Il résulte de l’instruction que Mme B... a épousé, le 22 avril 2022 à Mayotte, un ressortissant français. Toutefois, si elle a, le 24 août 2024, déposé plainte contre ce dernier pour des violences intrafamiliales et qu’elle a, dans la continuité de cette plainte, été prise en charge par l’association France Victimes 976, elle ne justifie aucunement avoir bénéficié d’une ordonnance de protection au sens des dispositions visées au point précédent. Dans ces conditions, elle n’est manifestement pas fondée à soutenir que l’arrêté contesté porterait une atteinte grave et manifestement illégale à une liberté fondamentale, qu’elle ne désigne d’ailleurs pas. Par suite, l’ensemble des conclusions de la requête peuvent être rejetées sur le fondement de l’article L. 522-3 du code de justice administrative.





O R D O N N E :


Article 1er : La requête de Mme B... est rejetée.

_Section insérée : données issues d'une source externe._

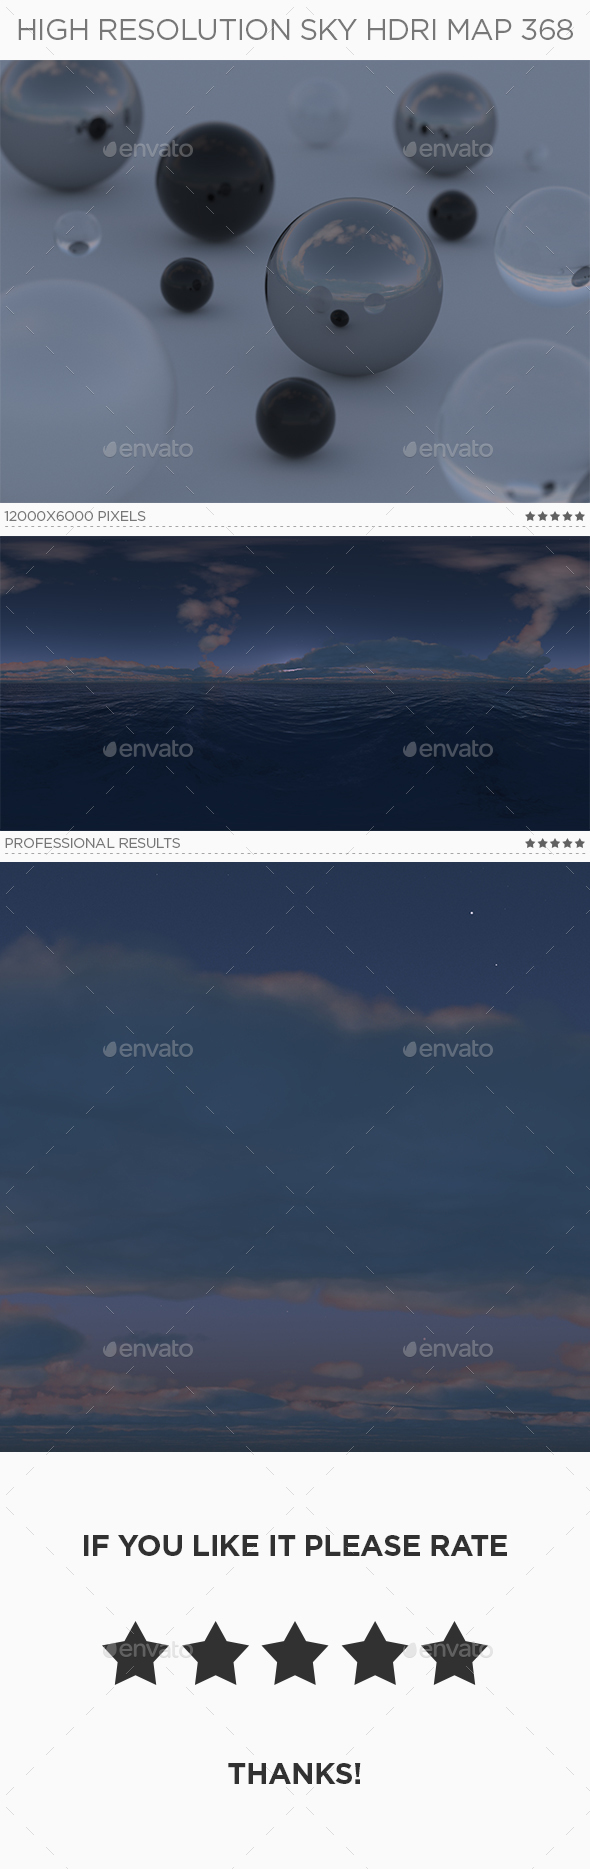 High Resolution Sky HDRi Map 368 - 3DOcean Item for Sale
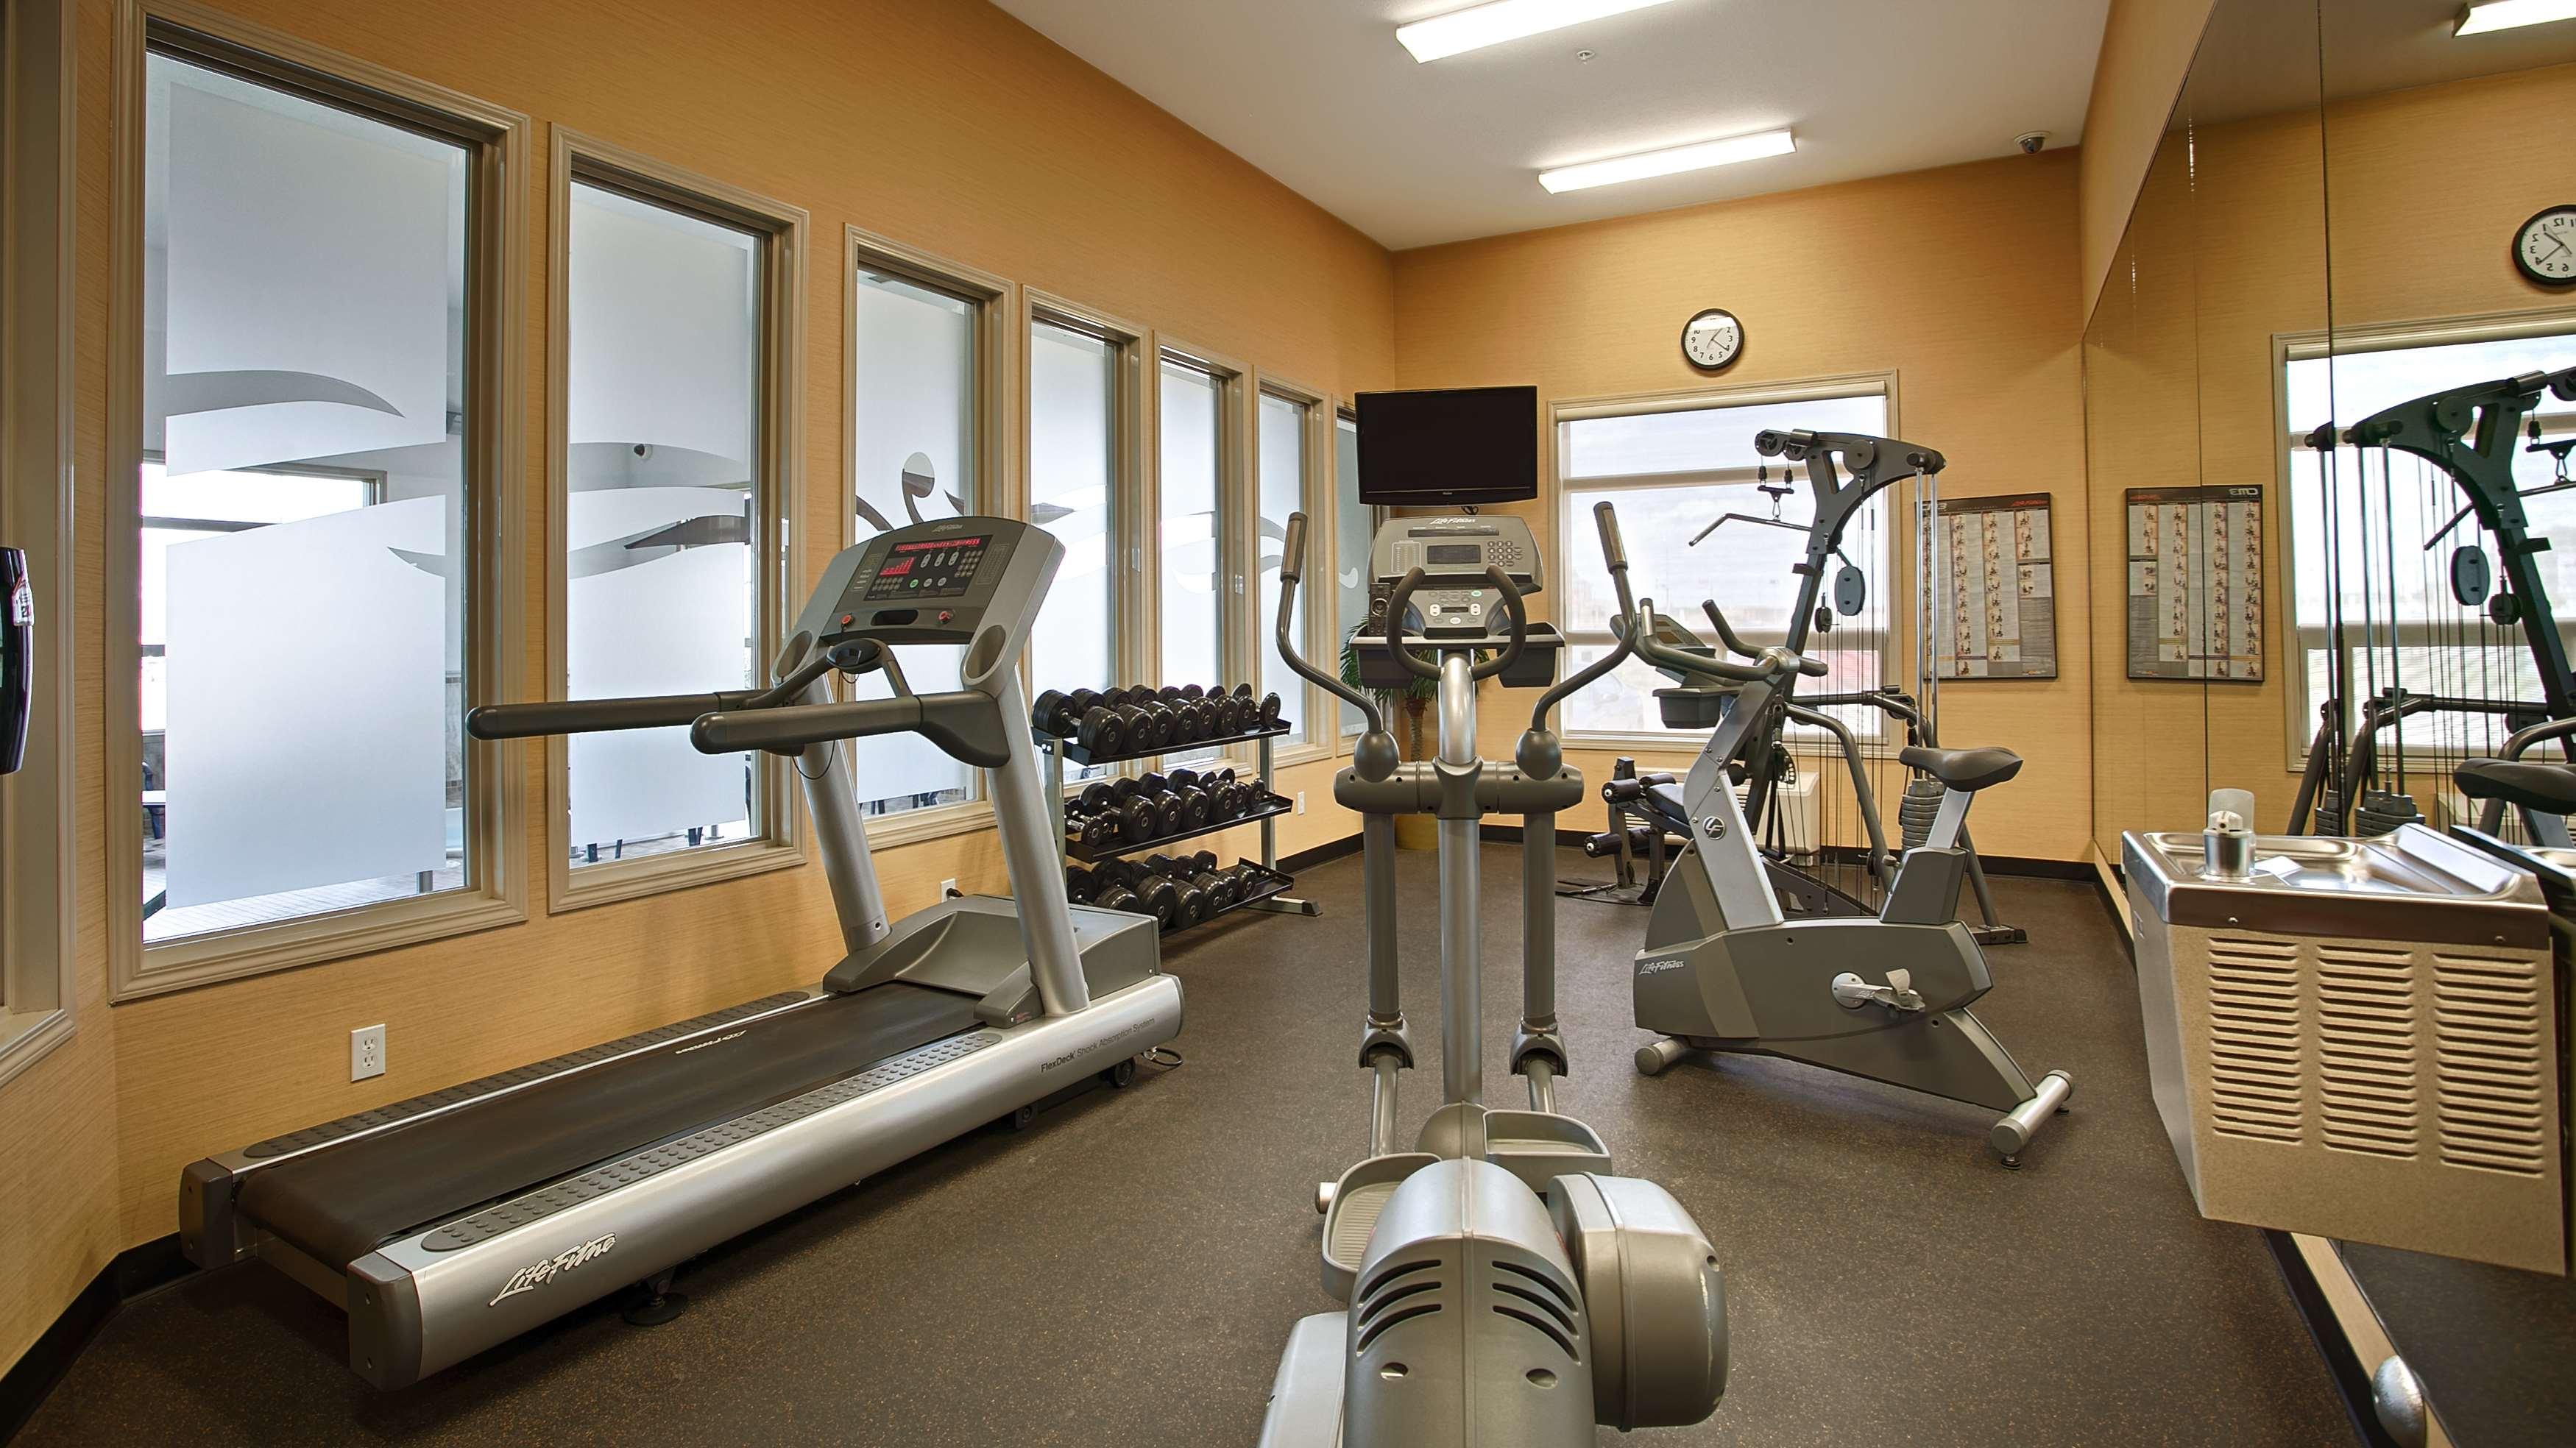 Fitness Center Best Western Wainwright Inn & Suites Wainwright (780)845-9934

Article 2 : La présente ordonnance sera notifiée à Mme A... B... et au préfet de Mayotte.

Copie en sera adressée aux ministres chargés de l’outre-mer et de l’intérieur en application de l’article R. 751-8 du code de justice administrative.

Fait à Mamoudzou, le 9 février 2026.


Le juge des référés,




F. DUVANEL


La République mande et ordonne au préfet de Mayotte en ce qui le concerne ou à tous commissaires de justice à ce requis en ce qui concerne les voies de droit commun contre les parties privées, de pourvoir à l’exécution de la présente décision.